Выбрать главу

Еврейские философы занимались переводами произведений Ибн-Рушда, в частности, в толедской школе переводчиков, основанной в XII в. специально для перевода на латинский язык трудов мусульманских философов и ученых. Именно в Толедо была начата работа по переводу произведений Ибн-Рушда Михаилом Скотом и Германом Немцем, которые в 1217–1256 гг. перевели большие комментарии Аверроэса к аристотелевским сочинениям «О небе», «О душе», «Метафизика», средние комментарии к книгам «Риторика», «Поэтика», «О небе», «О возникновении и уничтожении», «Никомахова этика» и малые комментарии к мелким естественнонаучным работам Стагирита. Творчество этих переводчиков помимо Толедо протекало также при дворе Гогенштауфенов в Сицилии, которая была другим наиболее ранним центром распространения идей Ибн-Рушда в христианском мире.

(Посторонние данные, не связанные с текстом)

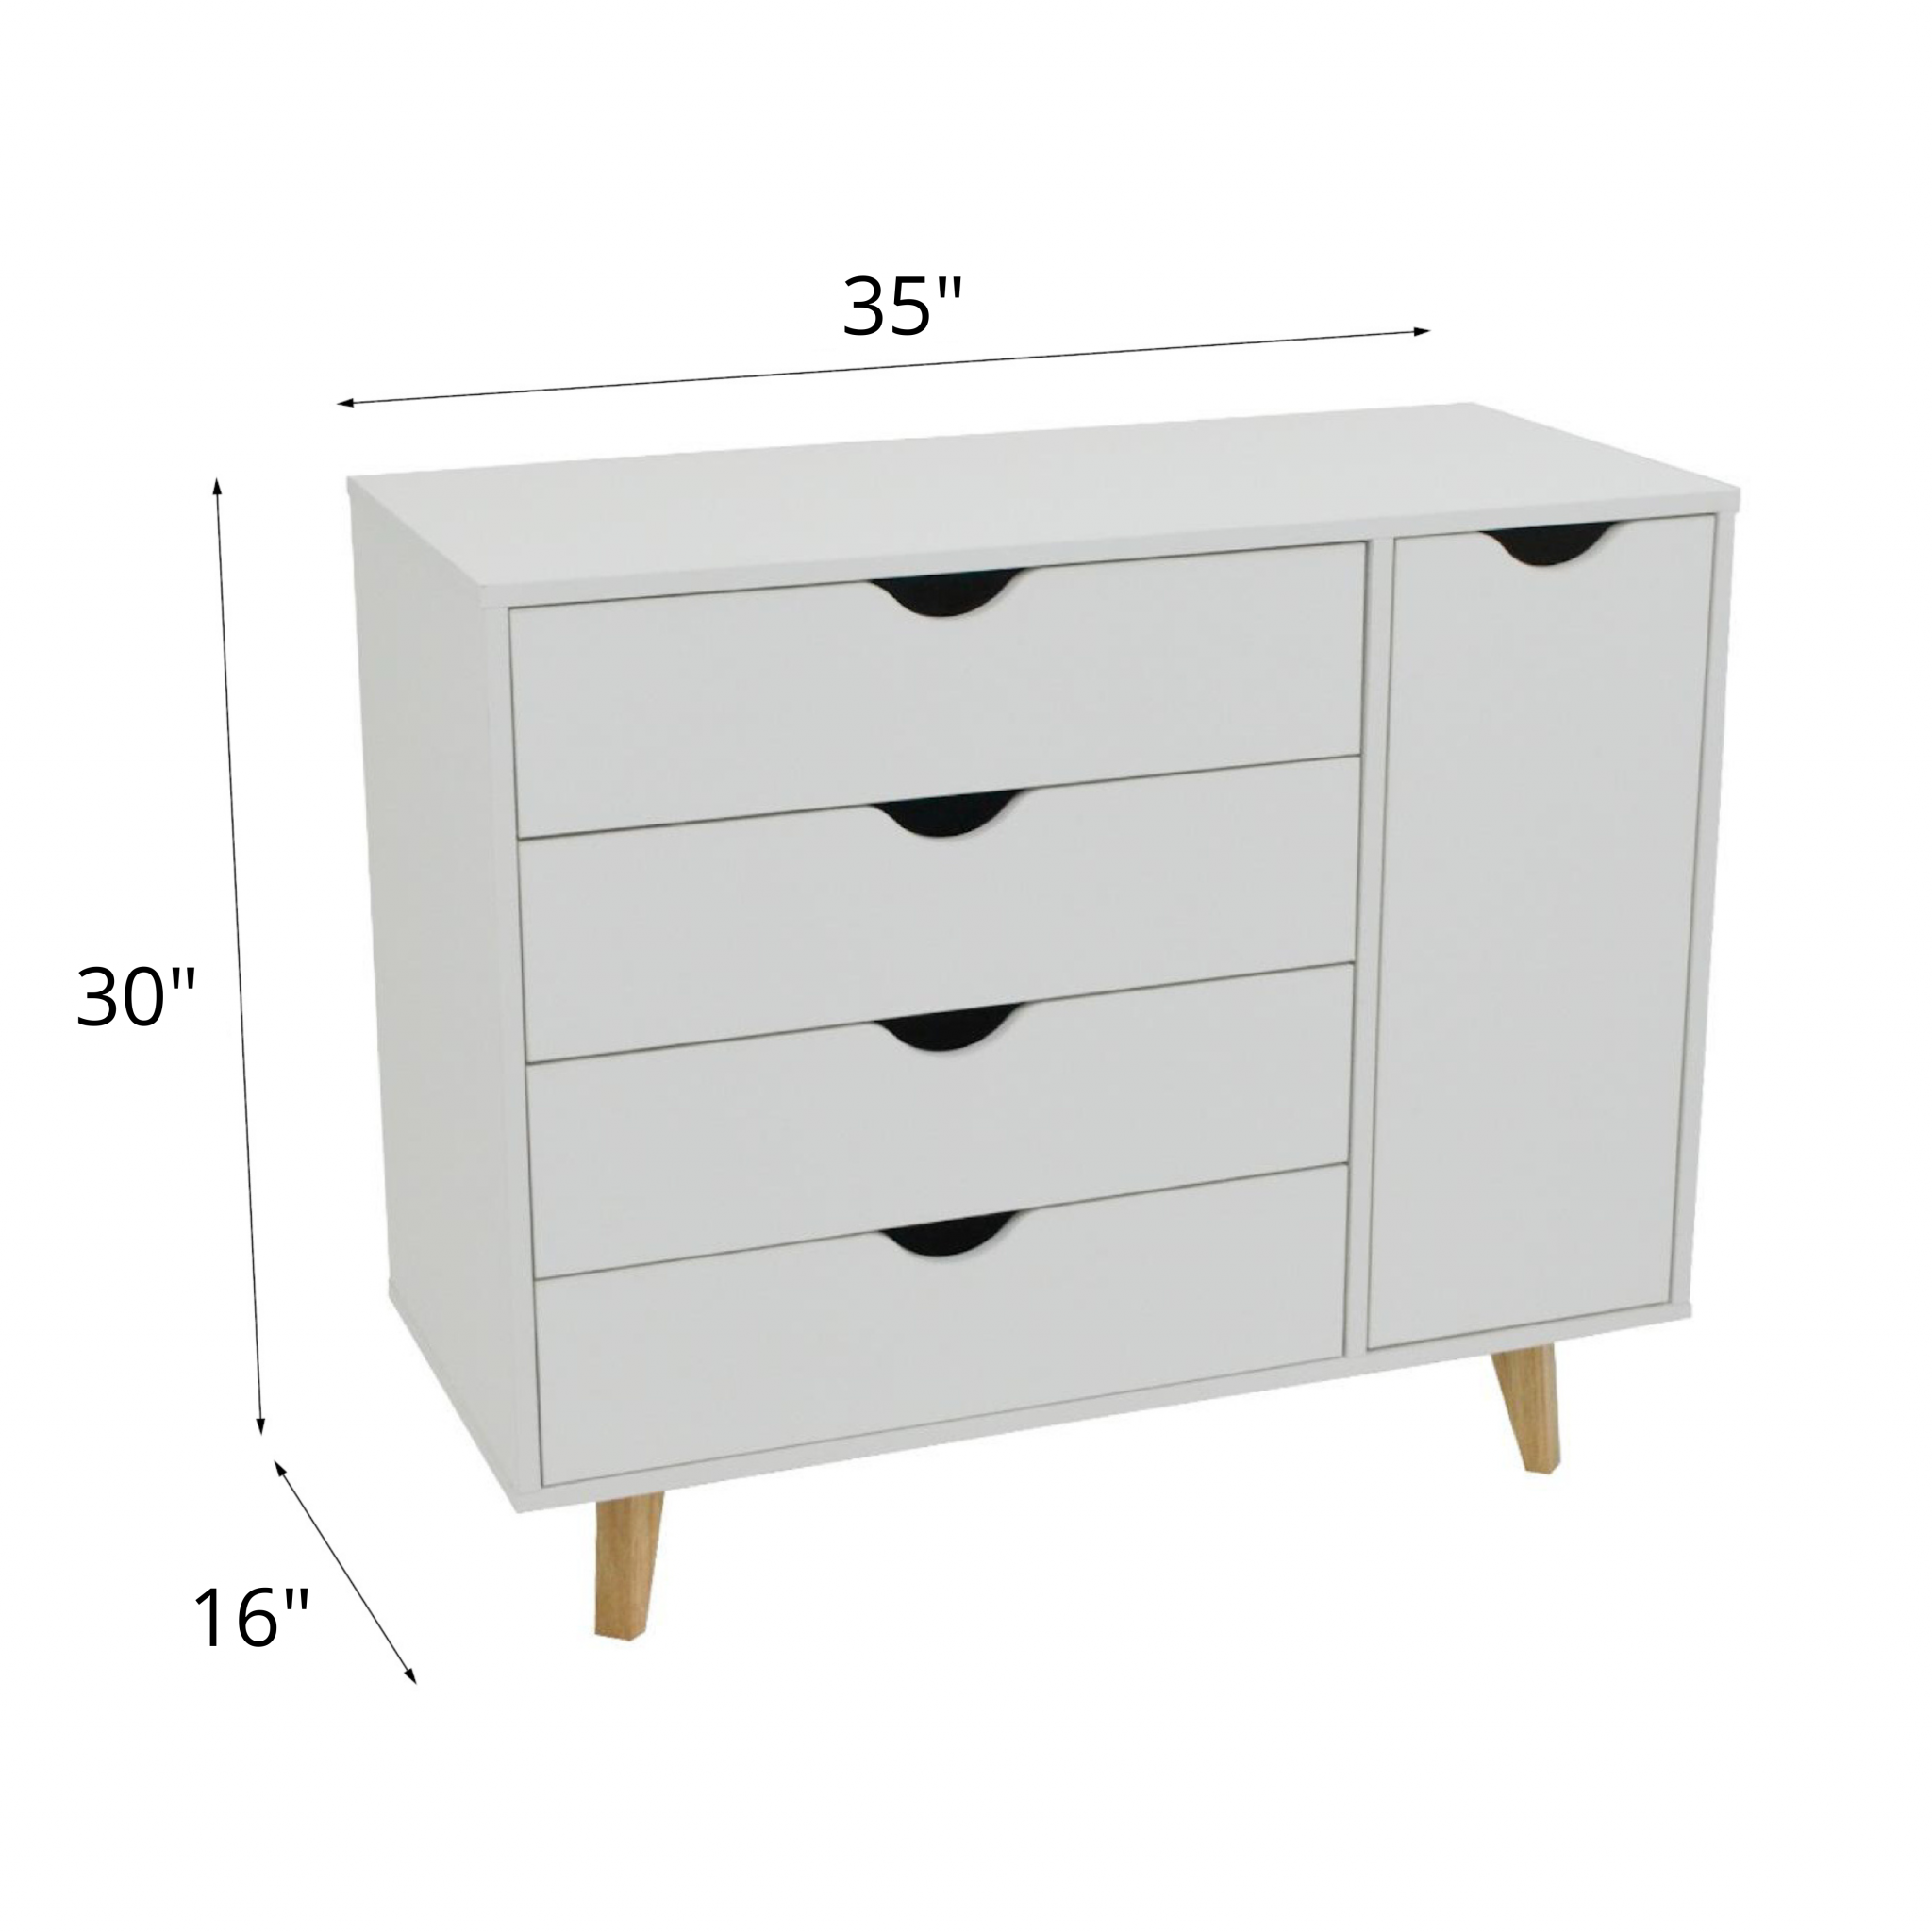 35" White Solid Wood Four Drawer Combo Dresser

В этот мир кордовский мыслитель вошел как «комментатор по преимуществу», снискав в качестве такового славу непревзойденного мастера даже в глазах противников; поклонники же арабского философа осыпали его не менее восторженными похвалами как толкователя Аристотеля, чем те, которые сам Ибн-Рушд адресовал Стагириту как «истолкователю» природы. Что касается собственных сочинений Аверроэса, то они стали доступны западноевропейским читателям значительно позже его комментариев. Между тем философские взгляды кордовского мыслителя были взяты на вооружение в идейной борьбе, разгоревшейся в Западной Европе, уже тогда, когда его знали там только по комментариям, что, несомненно, само по себе может служить наглядным свидетельством творческого характера подхода Ибн-Рушда к интерпретации аристотелизма, самостоятельности и оригинальности его мысли.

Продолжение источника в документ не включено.